Stat209/Ed260 D Rogosa 2/15/18
Assignment 5. The many uses and forms of analysis of covariance
---------------------------------------
1.Background: categorical predictors
A study of several hundred professors' salaries in a large
American university in 1969 (AER, 1973, p.469) yielded the following
prediction equation: S = 1900 + 230*B + 18*A + 100*E + 490*D + 190*Y
+ 50*T - 2400*X where S is annual salary, B is number of books
written, A number of ordinary articles, E number of excellent
articles, D number of Ph.D.'s supervised, Y years experience, T = 1
if student evaluations above median, 0 otherwise, X = 1 if female, 0
otherwise.
For a prof with B=A=E=D=X=1 and Y=5, what's the
expected change in salary if she goes from very good to poor student
evaluations?
Mean salaries were $16,100 for males and $11,200 for females.
What is the value of the slope from a simple S on X regression?
----------------------------------------
2. Background: standard analysis of covariance.

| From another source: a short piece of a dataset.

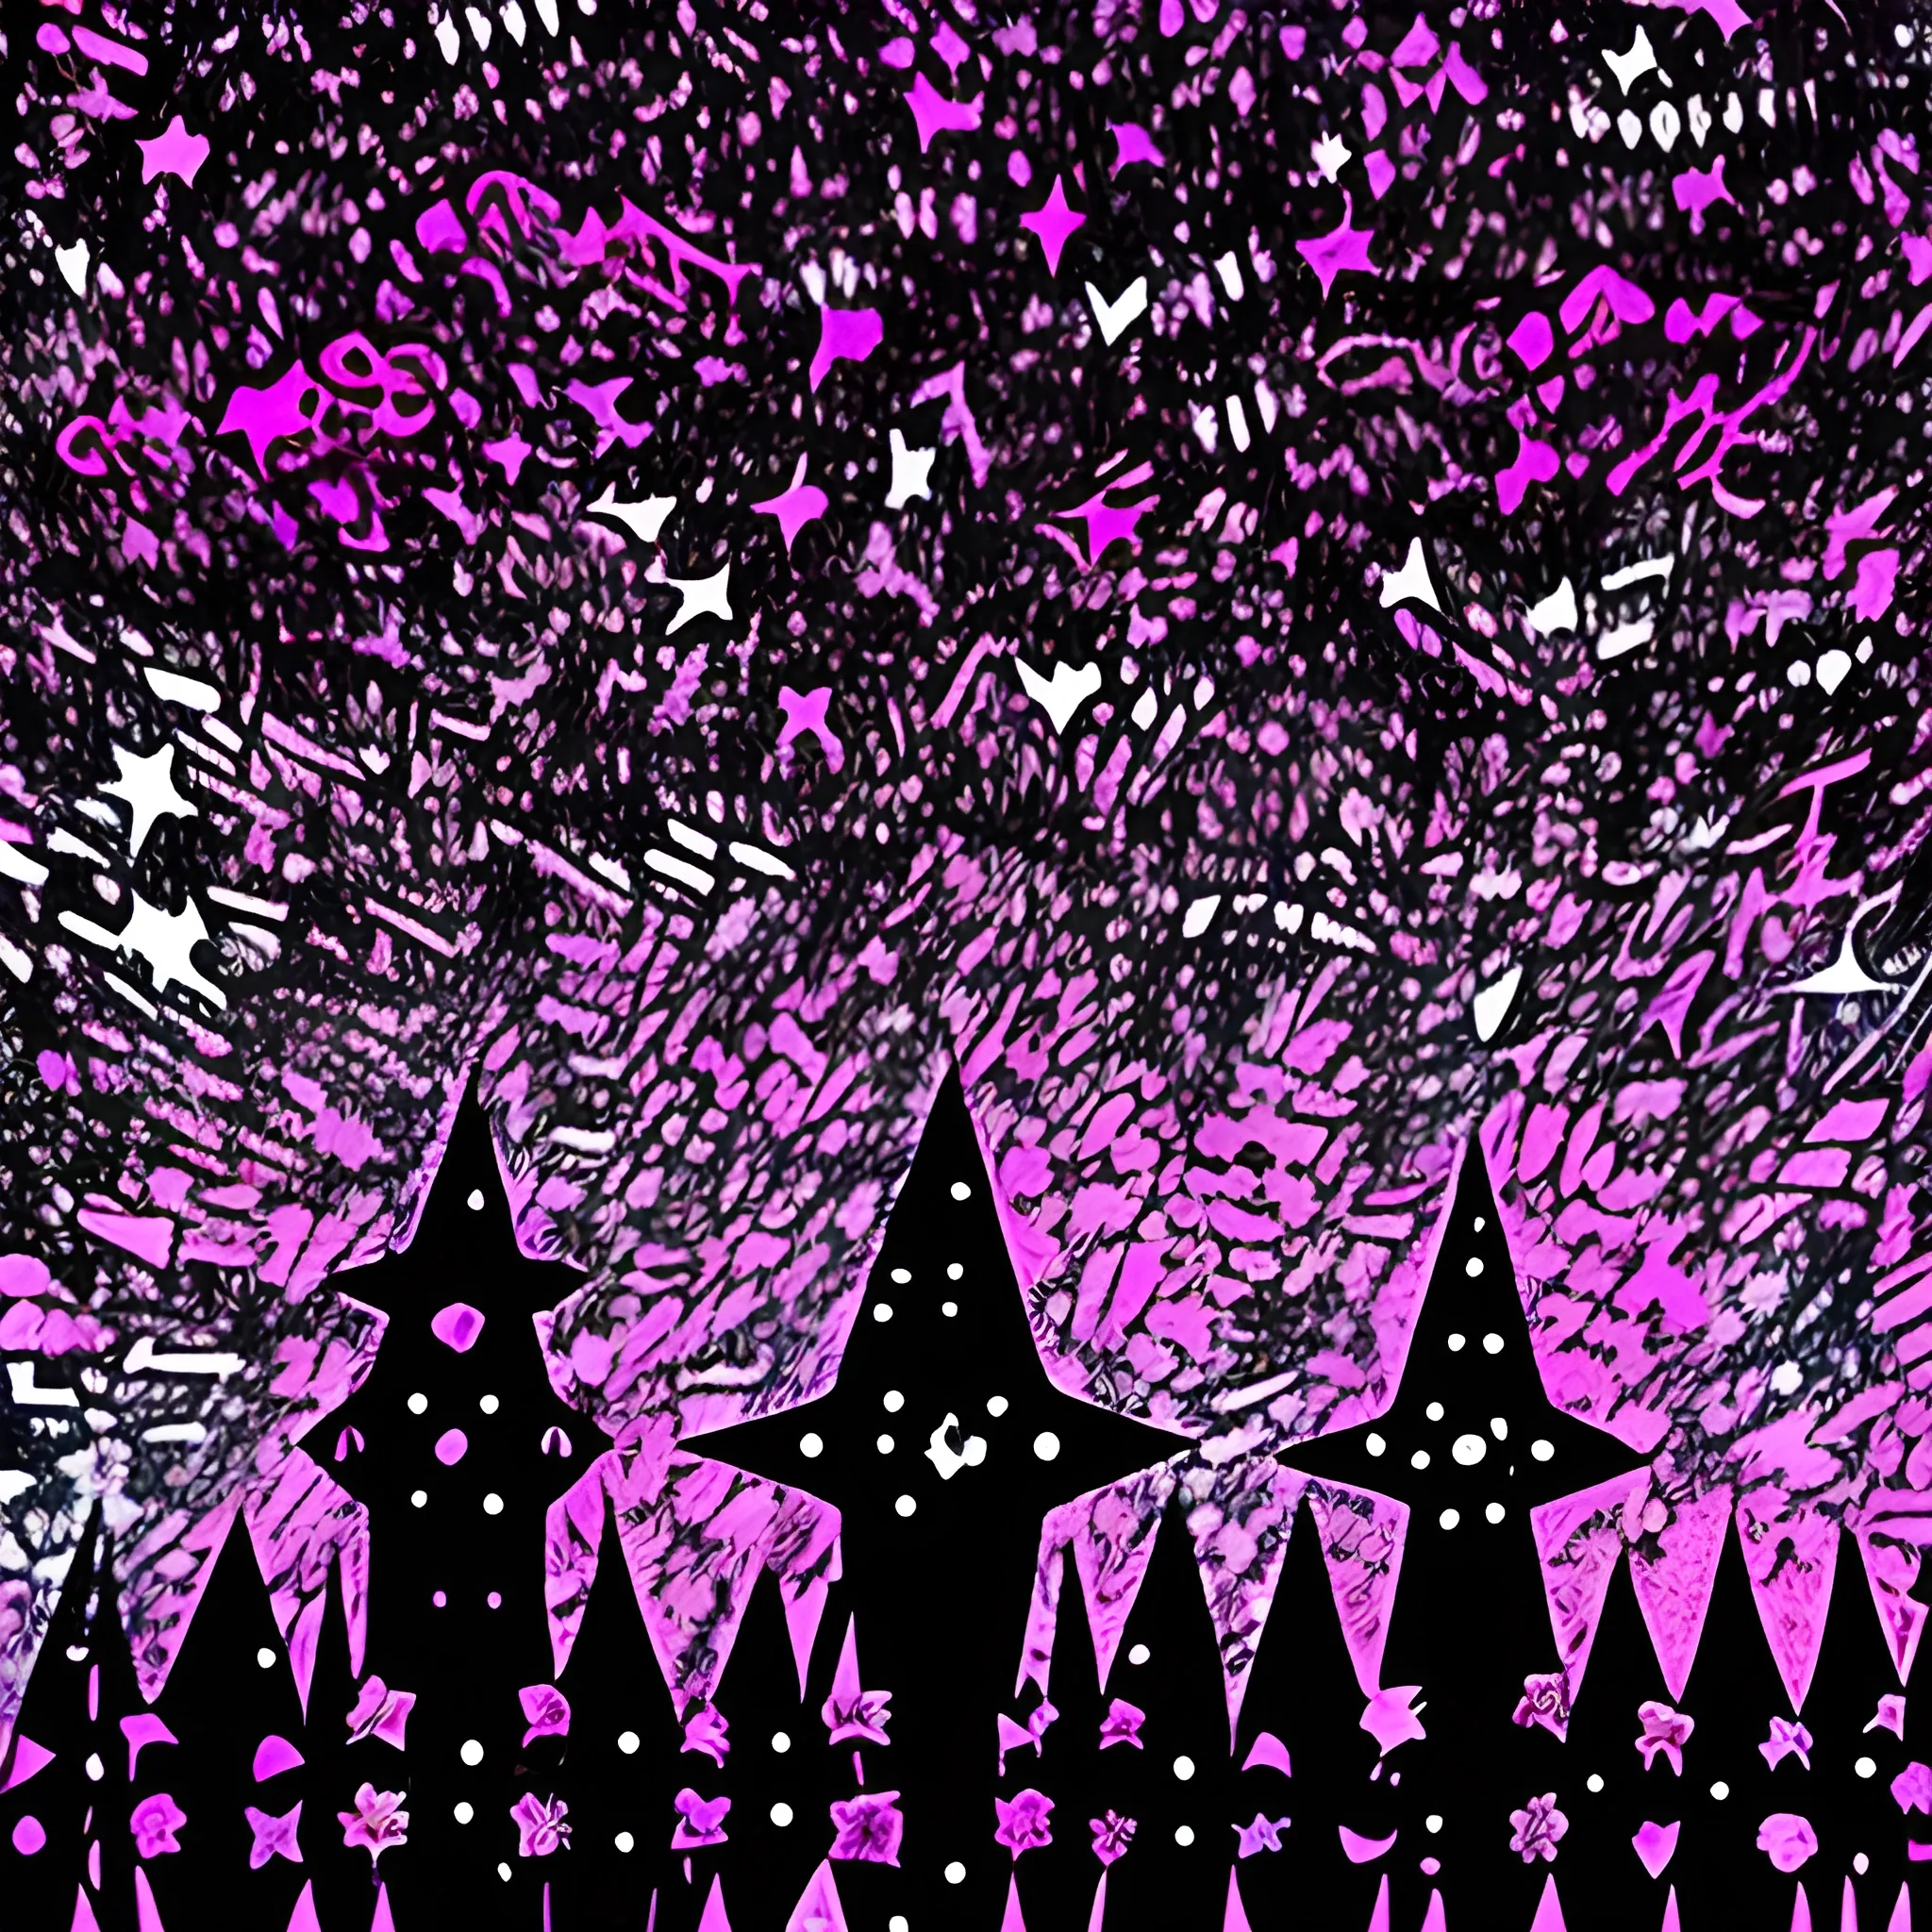 the night starry sky, Trippy, Cartoon. Pink and black colors
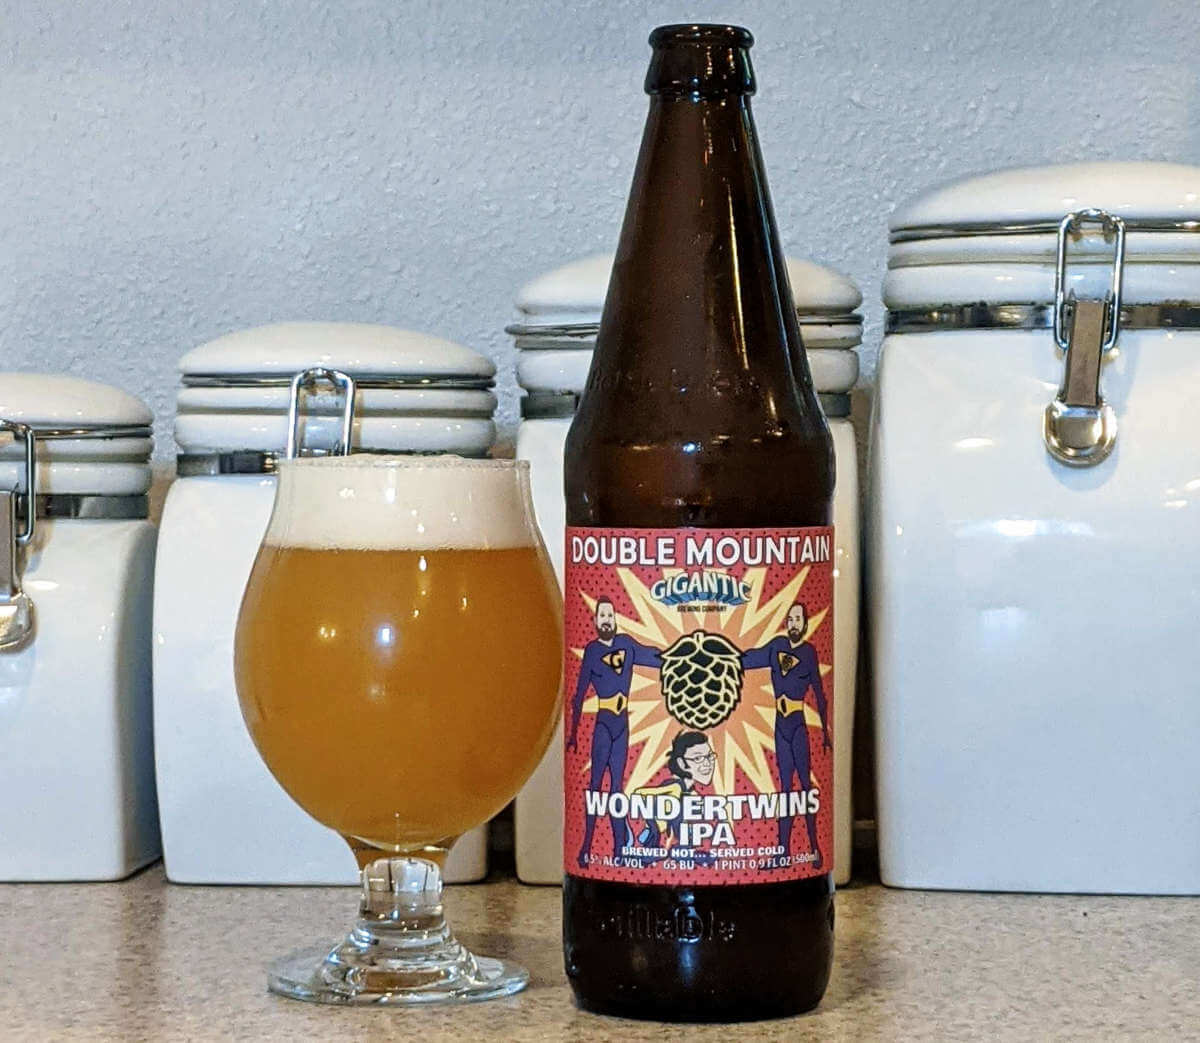 Double Mountain Brewery + Gigantic Brewing = Wondertwins IPA

A researcher is studying the effect of an incentive on the
retention of subject matter and is also interested in the role of
time devoted to study. Subjects are randomly assigned to two groups,
one receiving (C3 = 1) and the other not receiving (C3 = 0) an
incentive. Within these groups, subjects are randomly assigned to 5,
10, 15, or 20 minutes of study (C2) of a passage specifically
prepared for the experiment. At the end of the study period, a test
of retention is administered. Treat the study time as a
covariate for investigating the differential effects of the
incentive. full data are in file retention.dat
http://www-stat.stanford.edu/~rag/stat209/retention.dat
----------------------------------------
3. Revisit High School and Beyond (HSB, lab 2) ancova
a. in the week 5 example we used school level (mean, gradient)
outcomes and used school mean ses as a covariate.
Investigate the usefulness of that covariate by comparing
the week 5 ancova with just a simple t-test (sector) on these school
level outcomes. What is the difference in precision (also bias)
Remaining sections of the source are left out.